The flesh itself to sear and melt and run off the skull and cascade down the linen blouse she wore and the linen itself blackened and rotted and the wind sucked tatters of it away and when she turned to grin at him, bone hand clutching the steering wheel, the hollow eyesockets of her skull smoked like a charred landscape beyond which a faint yellow light flickered and died. Her grinning teeth had loosened in their sockets and there was a blackened cavity where the right canine joined the jawbone.

They were coming up on a white stucco building with a Falstaff beer sign framed by a rectangle of light bulbs. carolyn’s shady grove, the sign said. A quiet bucolic name that conjured up images of deep woods, of the creekbanks of his childhood.

Pull in there, Edgewater said. He was determined not to accompany her to sell it, felt perhaps that he had done enough motorcycling for the day.

What?

Let me wait here for you. I have to make a phone call.

She’d already begun to slow but she turned to frown at him. This doesn’t make any sense, she said. We’re almost to Leighton. You can call from there. Besides, who would you call? You don’t know anybody. How’ll I get it out?

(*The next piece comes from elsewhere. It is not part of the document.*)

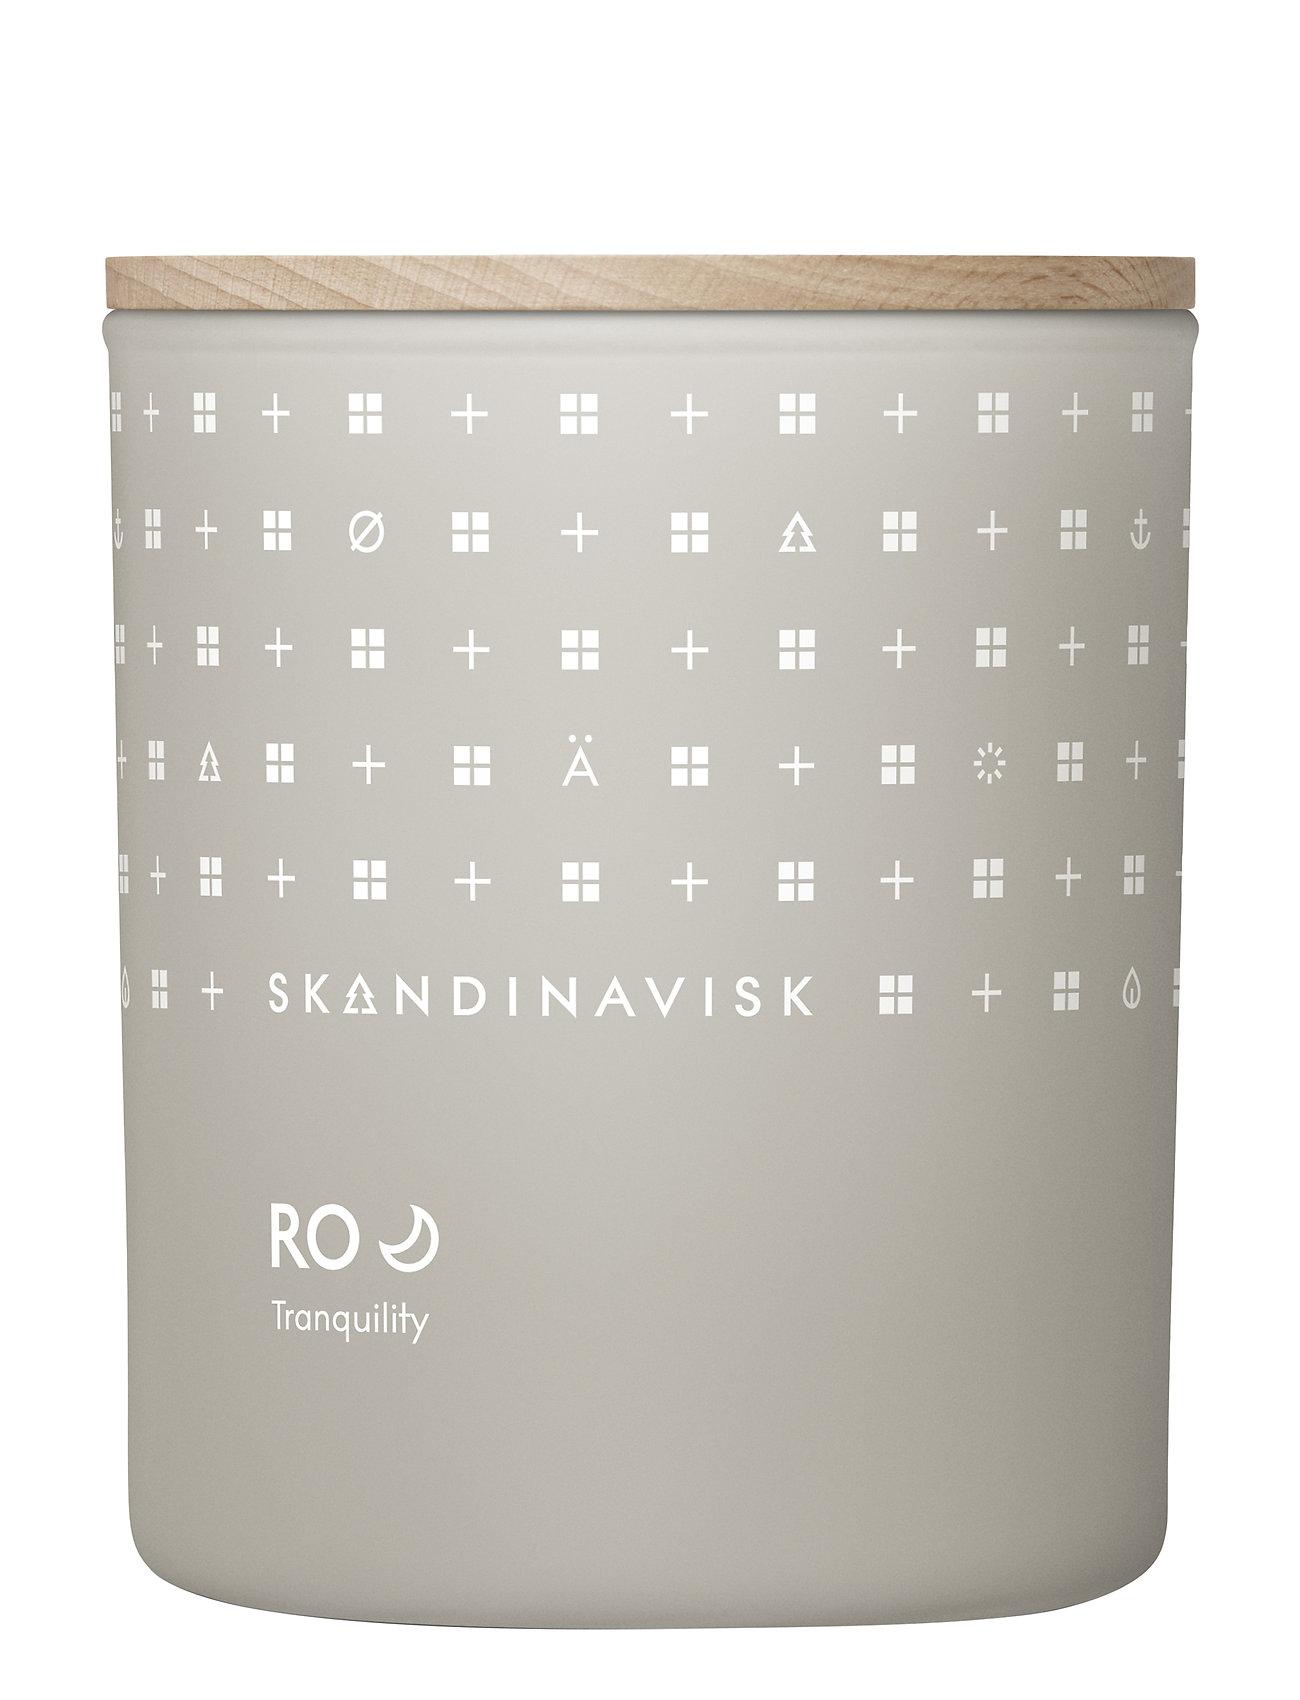 Skandinavisk Ro Scented Candle With Lid 200g Tuoksukynttilä Nude Skandinavisk

Sell it as is, he told her. Sell the son of a bitch on the hoof.

He was out almost before the car stopped rolling. Pick me up after you get your business transacted. I’ll be in there drinking a beer.

She glanced toward the sign. Just make damn sure you keep your hands off Carolyn, she said.

Edgewater crossed a glaring white parking lot of crushed mussel shells. The bar was set on earth absolutely bare of tree and shrub that belied its name. The stuccoed honkytonk seemed to have sucked up all the nourishment for miles around. dancing saturday night to live music, a placard in the window promised, but Edgewater was already touched by a rising desperation and he promised himself that by Saturday night he’d be dancing somewhere else.

He went into a cool gloom that smelled of hops and cigarette smoke and all seemed touched by a silence so dense it was almost cloistral. A man seated at the bar watched him cross the room. Edgewater’s eyes were still full of the April light from outside and the room seemed a cave he was walking into, the drinkers seated at the tables troglodytes who’d laid aside momentarily their picks and were taking respite from their labors.

Let me have a draft, he told the barkeep. He withdrew a worn and folded five-dollar bill from the watchpocket of his jeans. The barkeep filled a frosted mug from a tap and raked the foam into a slotted trough and slid the beer across the counter. The barkeep had Vaselined red hair parted in the middle and a red freckled face and brownspotted fingers like sausages.

Edgewater took a long pull from the beer and lit a cigarette and sat just enjoying the silence. Even the drinkers at the tables were quiet, as if still contemplative of whatever had befallen them the night before. He could feel the silence like a comforter he’d drawn about him and he was glad that Claire and the motorcycle were rolling somewhere away from him.

There was something jittery about Claire that precluded calm. She was always in motion and always talking. He’d watched her sleep and even then her life went on, her face jerking in nervous tics at the side of her mouth, her iriscolored eyes moving beneath nightranslucent lids like swift blue waters. Her limbs stirred restlessly and he’d decided even her dreams were brighter and louder and faster than those allotted the rest of the world. Watching her sleep he felt he’d stolen something he did not want but nevertheless could not return.

He felt eyes upon him and looked up. The man two stools down the bar was watching him.